Figure 4. (a) Total edible yield as a function of leaf boron (B; ppm); (b) average leaf damage as a function of leaf B; and (c) total edible yield as a function of average leaf damage. The red arrow indicates the trend between two variables.

This Golden Hills on clonal UCBI rootstock orchard is producing normal yields for a ninth-leaf orchard entering full bearing. In 2022, eighth-leaf in <5 ppm B soils with ~955 ppm B leaf levels averaged 1073 lb/ac edible inshell splits. In 2023, ninth-leaf in <5 ppm B soils and 750 to 800 ppm leaf B averaged ~4,000 lb/ac. edible in-shell split yield. In 2023, above these soil and leaf B levels, yields varied greatly but averaged ~3,000- lb/ac edible in-shell split yield. This research is preliminary and ongoing. And, as noted, B’s effects from deficiency to toxicity depend upon availability which is a function of multiple factors, including soil texture, pH, ECe, boron concentration, ETc, rootstock and scion.

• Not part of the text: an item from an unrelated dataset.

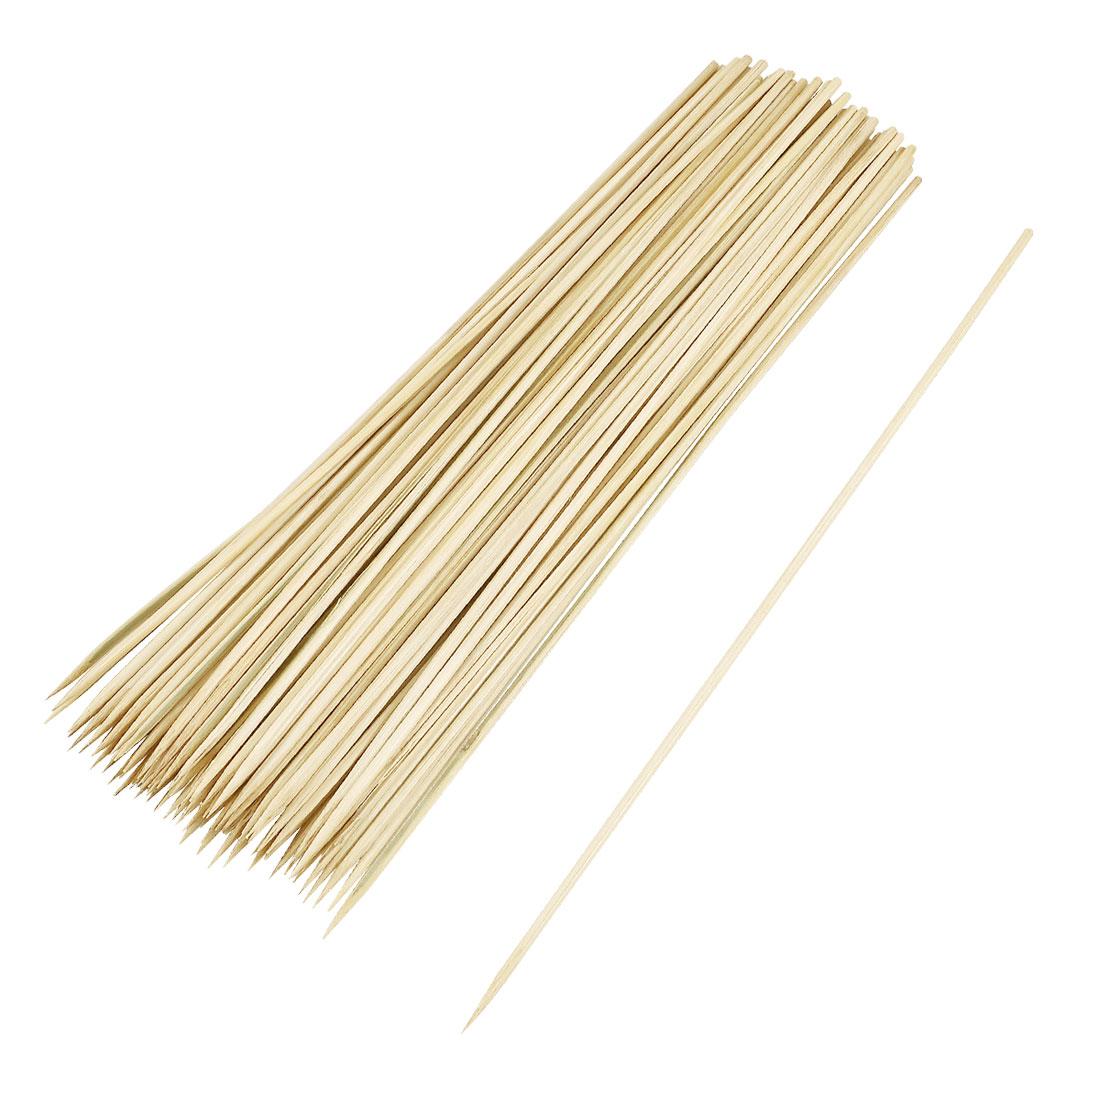 93 Pcs Bamboo BBQ Skewers Barbecue Shish Kabob Sticks
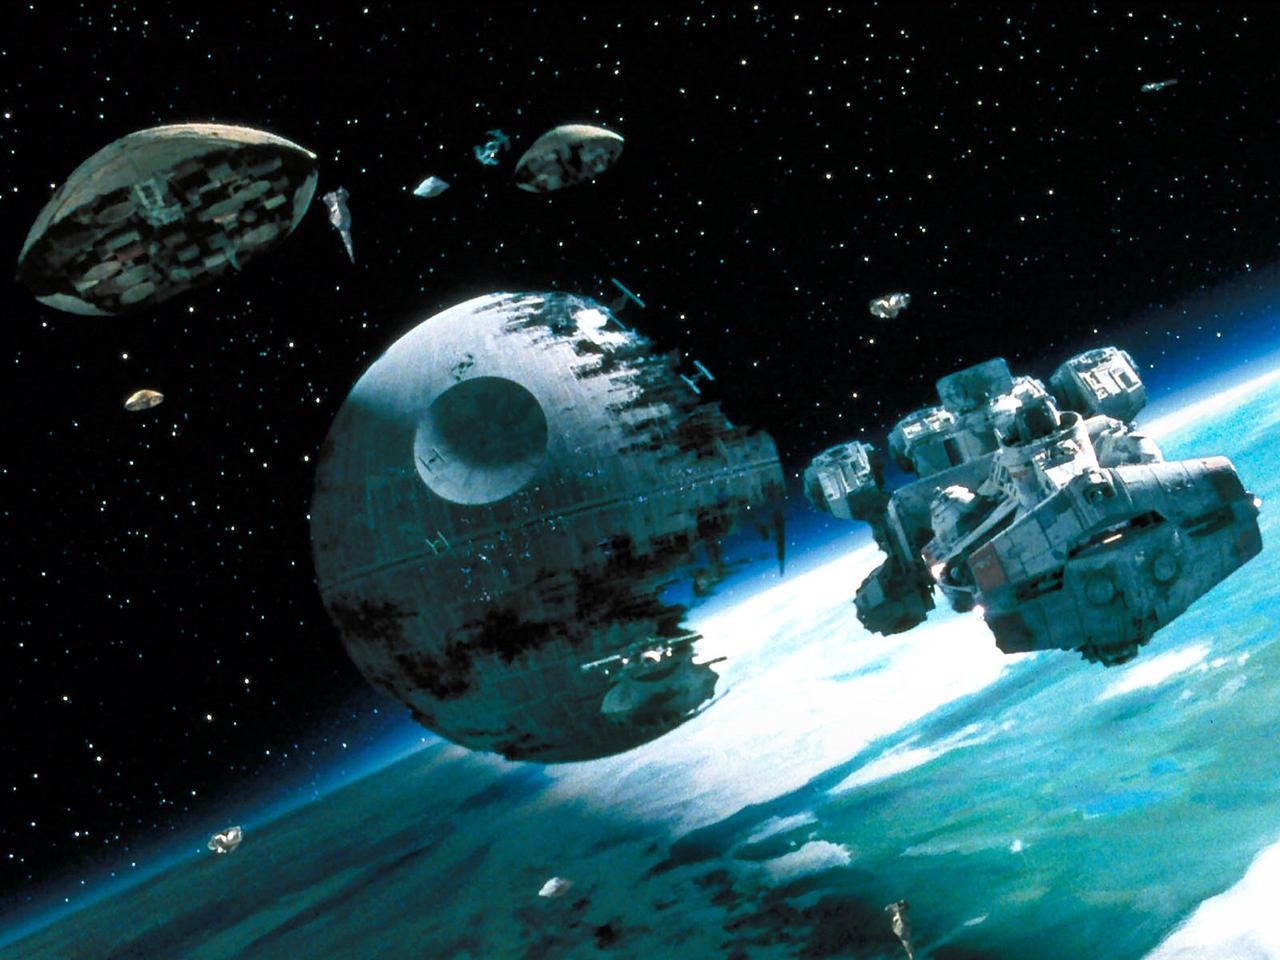 star wars battle of endor wallpaper by squallline77 ddzz8iq

Our data demonstrate above 5 ppm, increasing soil B content decreases edible yield, but we could not demonstrate the decrease in yield was a function of increasing leaf B levels or % leaf area damage manifesting as B toxicity. This suggests the mechanism of increased soil B in decreasing yield is not produced by decreasing the photosynthetically active leaf area. This is new information and merits further investigation because, as noted, the mechanism of B toxicity damage is unknown. And it also suggests toxicity is not an accurate term for the visible leaf damage.